A 49-N crate is suspended from the left end of a plank. The plank weighs 21 N, but it is not uniform, so its center of gravity does not lie halfway between the two ends. The system is balanced by a support that is 0.30 m from the left end of the plank. How far to the right of the support is the plank’s center of gravity?
21 (x) = 49(.3)
x = .7 m
To find the center of gravity of the plank, we need to consider the torques acting on the system.
First, let's calculate the torque exerted by the crate. Torque is given by the product of force and the perpendicular distance from the pivot point (support) to the line of action of the force.

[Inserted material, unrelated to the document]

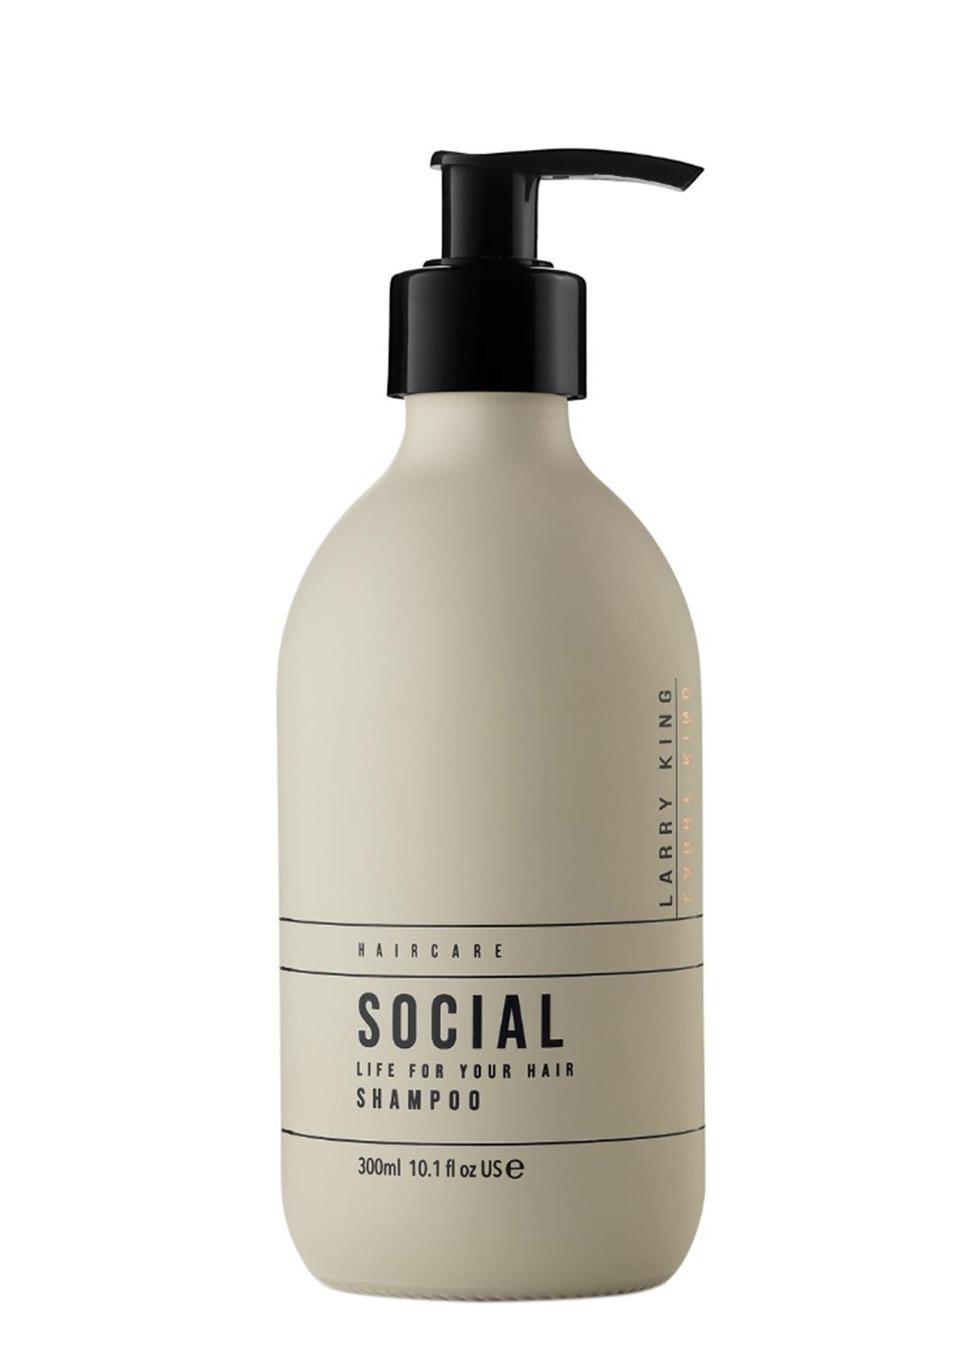 Social Life Shampoo Bottle 300ml

Considering the crate as a point mass, the torque exerted by the crate is:
Torque(crate) = force(crate) * distance(crate from support)
= 49 N * 0.30 m
Next, let's calculate the torque exerted by the plank itself. Since the plank is not uniform, its center of gravity does not lie halfway between the two ends. Let's assume the distance from the left end of the plank to its center of gravity is x meters.
The total length of the plank is L = distance(support to right end) + distance(support to left end)
= x + (L - x)
= L
The torque exerted by the plank can be calculated using its weight and the distance from the center of gravity to the support.
Torque(plank) = force(plank) * distance(plank's center of gravity from support)
= 21 N * (x - 0.30 m)
Since the system is balanced, the sum of the torques exerted by the crate and the plank will be zero.
Torque(crate) + Torque(plank) = 0
Substituting the values, we get:
49 N * 0.30 m + 21 N * (x - 0.30 m) = 0
Now, we can solve this equation to find the value of x, which represents the distance from the left end of the plank to the center of gravity.
147 N + 21 N * x - 6.3 N = 0
21 N * x = 6.3 N - 147 N
21 N * x = -140.7 N
x = -140.7 N / 21 N
x ≈ -6.71 m
Since distance cannot be negative, it means the center of gravity of the plank is approximately 6.71 m to the right of the support.